Рубин: Вспомнил, в новом законе сняли ограничения профильного магистрата. То есть после получения бакалавра можно дальше идти на любую специальность. Раньше нельзя было. Допустим, если ты филолог, то раньше ты мог идти в магистратуру, лишь сопряженную с языками, сейчас можешь идти в историки. Ограничения только у медицинских факультетов. В общем, можно с машиностроения переходить в журналистику.
– Ужас. Тут после журфака студенты приходят в редакцию и к ним есть ровно один вопрос: "Чему вас пять лет учили?"

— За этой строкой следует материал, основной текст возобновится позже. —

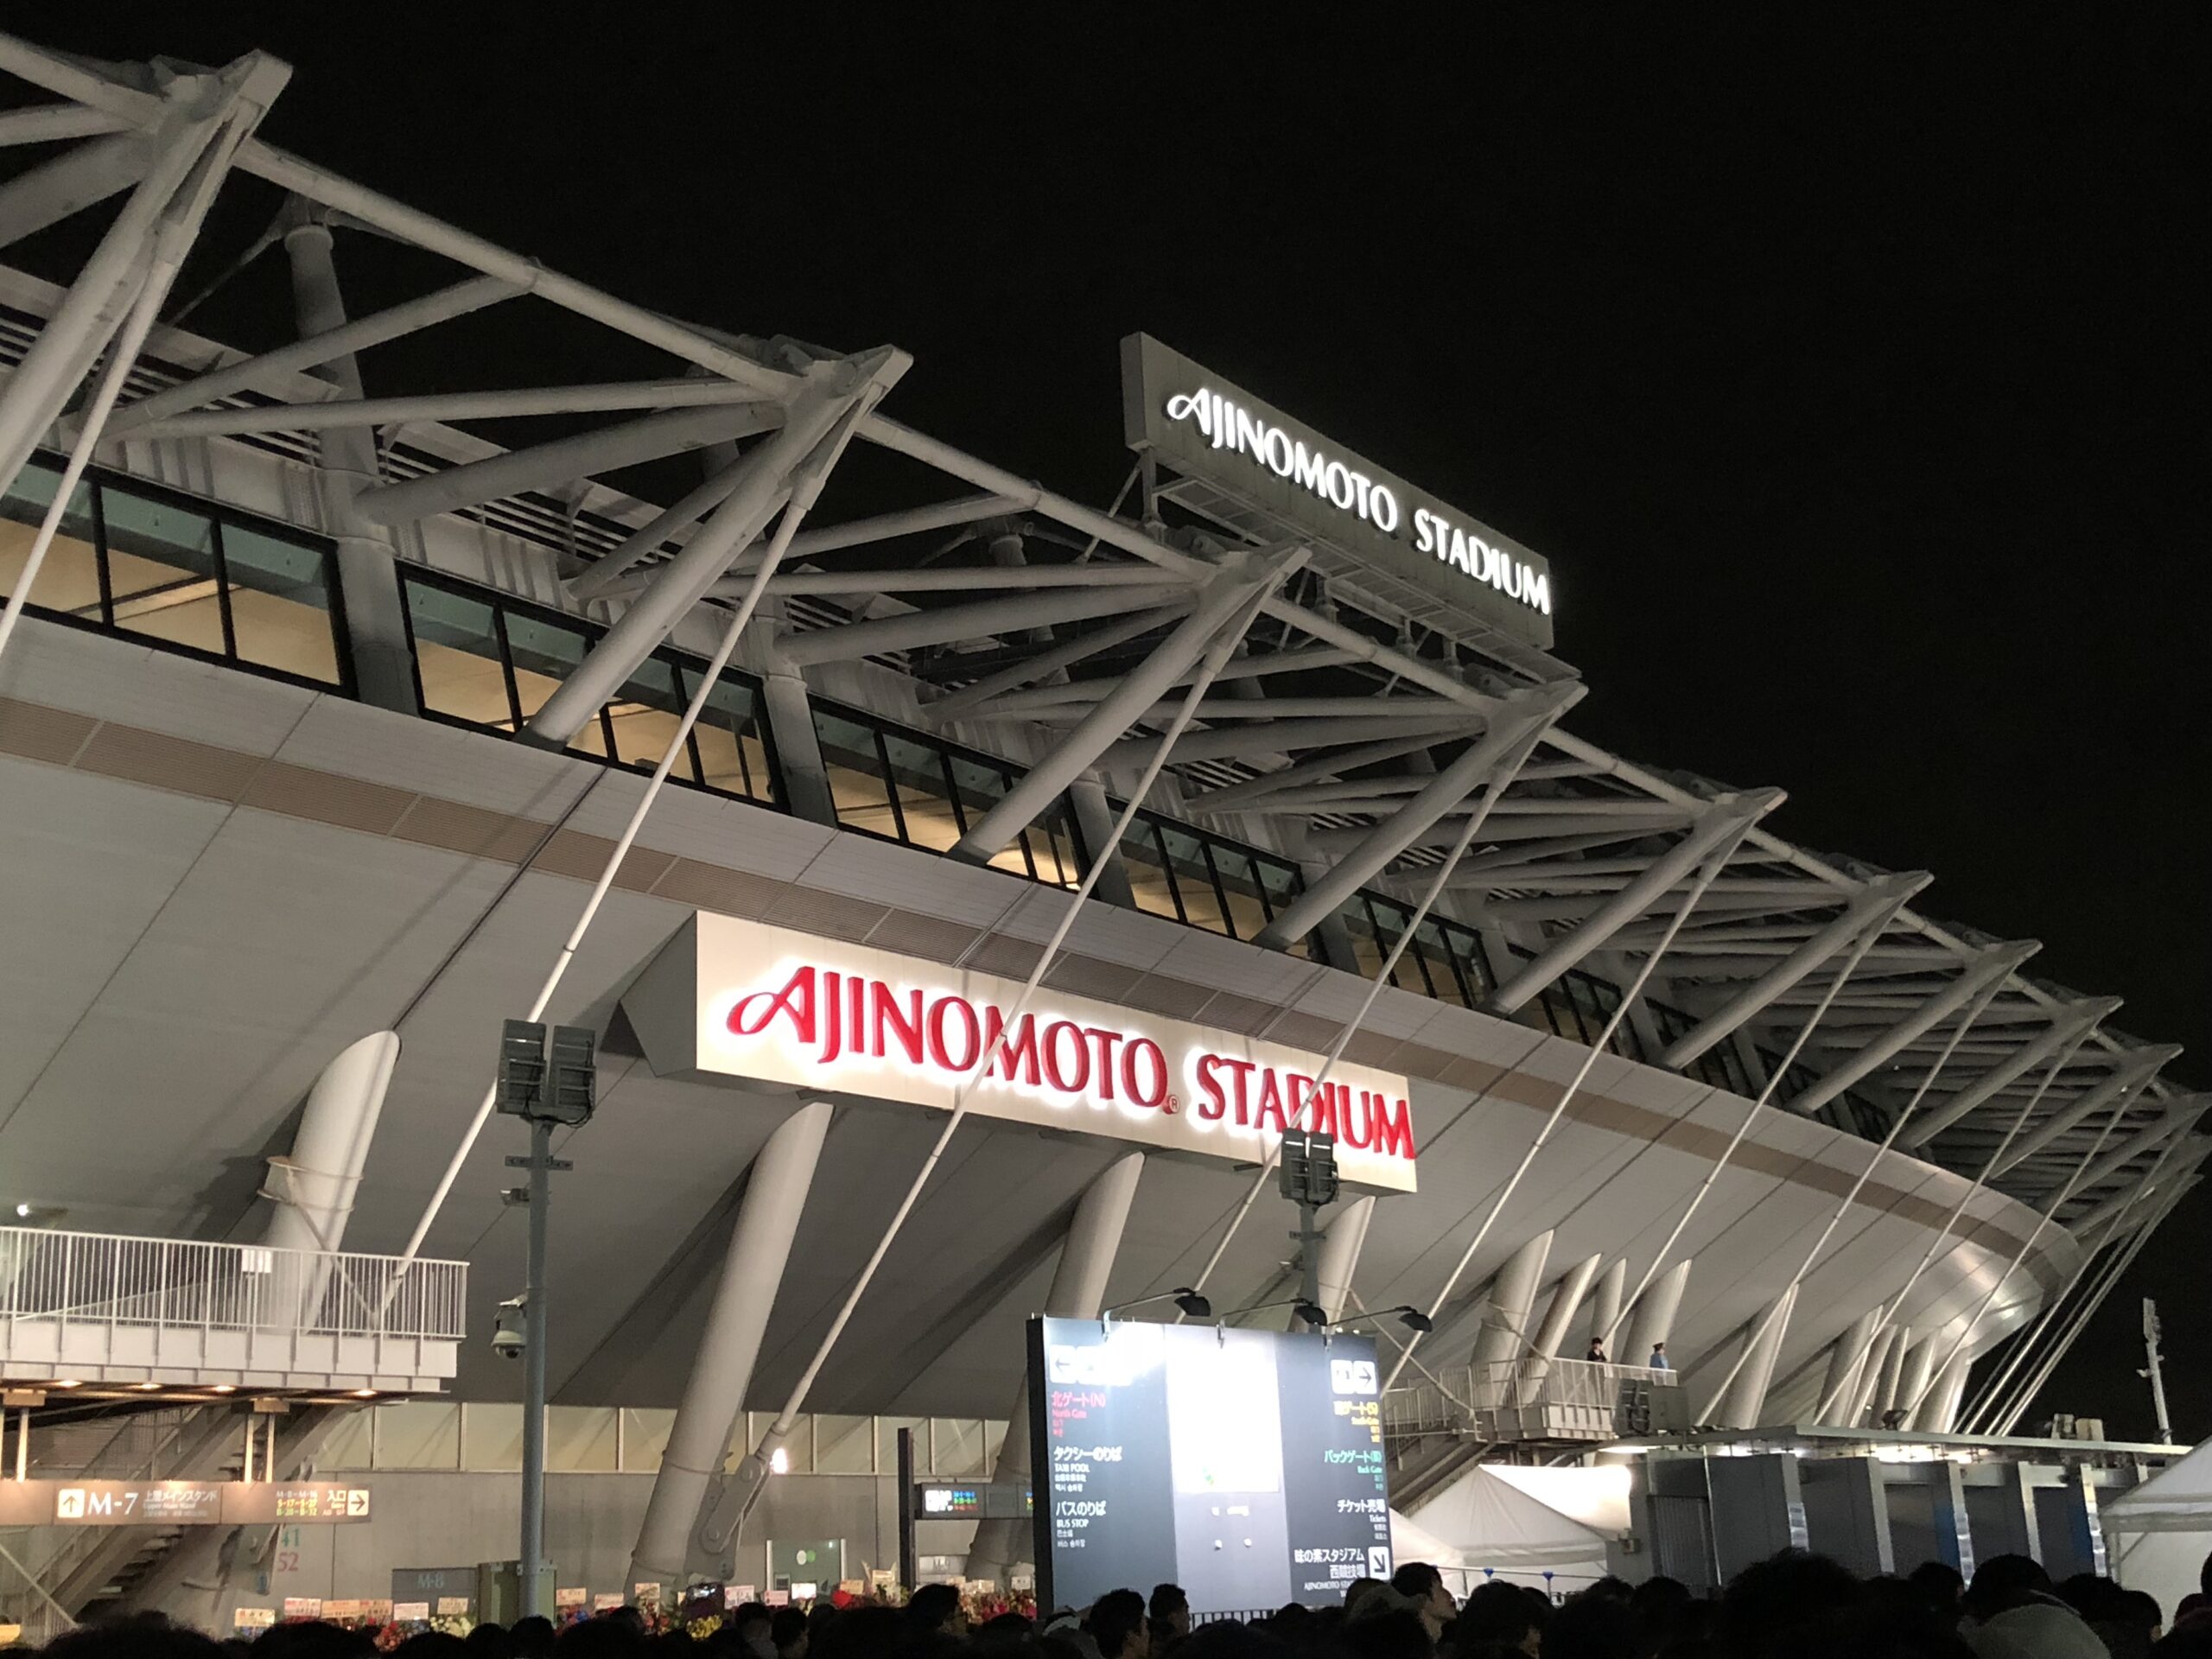 味の素スタジアムの夜の外観写真

Горошко: Преподавание не успевает за реалиями. Та же журналистика, там быстро и безнадежно устаревают предметы. Студентов бы учить отличать фейковую информацию от реальной. Но как? Если преподаватель даже слова такого не знает, он работал в ньюзрумах 70-х годов прошлого столетия.
Прежде чем готовить студента, приди на фабрику или в редакцию, спроси: "Какими навыками должен обладать специалист, который вам подойдет?" Послушай все, что тебе скажут. Не должно быть образование оторвано от практики. Но в законе ни слова об этом.
И, к сожалению, у нас очень много морально устаревших специальностей, которые вообще не нужны. Государство продолжает обучать заведомо безработных людей. Только потому, что эта специальность есть в квалификационном реестре.
Рубин: А создать новую специальность? Нужны годы хождения по всем кругам ада госмашины. В Германии я специально спрашивал, сколько нужно времени, чтобы создать новую специальность. Три месяца! Максимум. Они изучают мехатронику. У нас нет такого еще. Кстати, в Европе кто следит за тенденциями? За тем, какие специальности необходимы на рынке сейчас? Торговая палата. А у нас чем занимается Торговая палата? Никто не знает.
– Как быть с этим: "Запихну ребенка в престижный вуз и неважно, есть ли у него способности"?
Горошко: Да, это псевдопрестижность. В Харькове непременно ребенка нужно всунуть в медицинский или юридический. Самые коррумпированные вузы. А ведь обе профессии призваны лечить общество.
Рубин: А суют туда почему? Потому что дальше в этих профессиях, а точнее на местах и должностях, можно заработать. Взятками прежде всего. Особенно в юриспруденции. Но сейчас, я надеюсь, приоритеты будут меняться, ценности будут меняться, жизнь поменяется. Быть судьей перестанет означать – быть миллионером. Люди будут идти в профессию по призванию, а не по каким-то другим причинам. И все станет на свои места.
Горошко: Отношение общества к образованию нужно лечить. Институт образования – этот один из ключевых институтов общества. Изменится он – изменятся все остальные институты: семьи, политики, экономики.
– Давайте подведем итоги. Новый закон о высшем образовании – это?
Горошко: Безусловно – это шаг вперед. Будет ли это бюрократический проект или европейская модель, покажет время. И люди. Многое зависит от людей. От студентов, родителей, преподавателей. Думаю, за последний год в сознании украинцев многое изменилось. Я очень надеюсь, новый закон не получит статус хорошей идеи местного разлива, с традиционным колоритом в виде коррупции.
Рубин: Хороший закон. Но не идеальный. Он является базисом того, что может дальше развиваться. Дальше будут, я надеюсь, всякие подзаконные акты, которые станут доводить новшества до ума. Это будут тяжелые роды нового образования. Главное – закон полностью меняет психологию управления учебным заведением. Если это сработает, все получится. Начнется здоровая конкуренция между высшими учебными заведениями. По принципу: учи хорошо, зарабатывай, инвестируй, стремись быть лучшим вузом в Европе.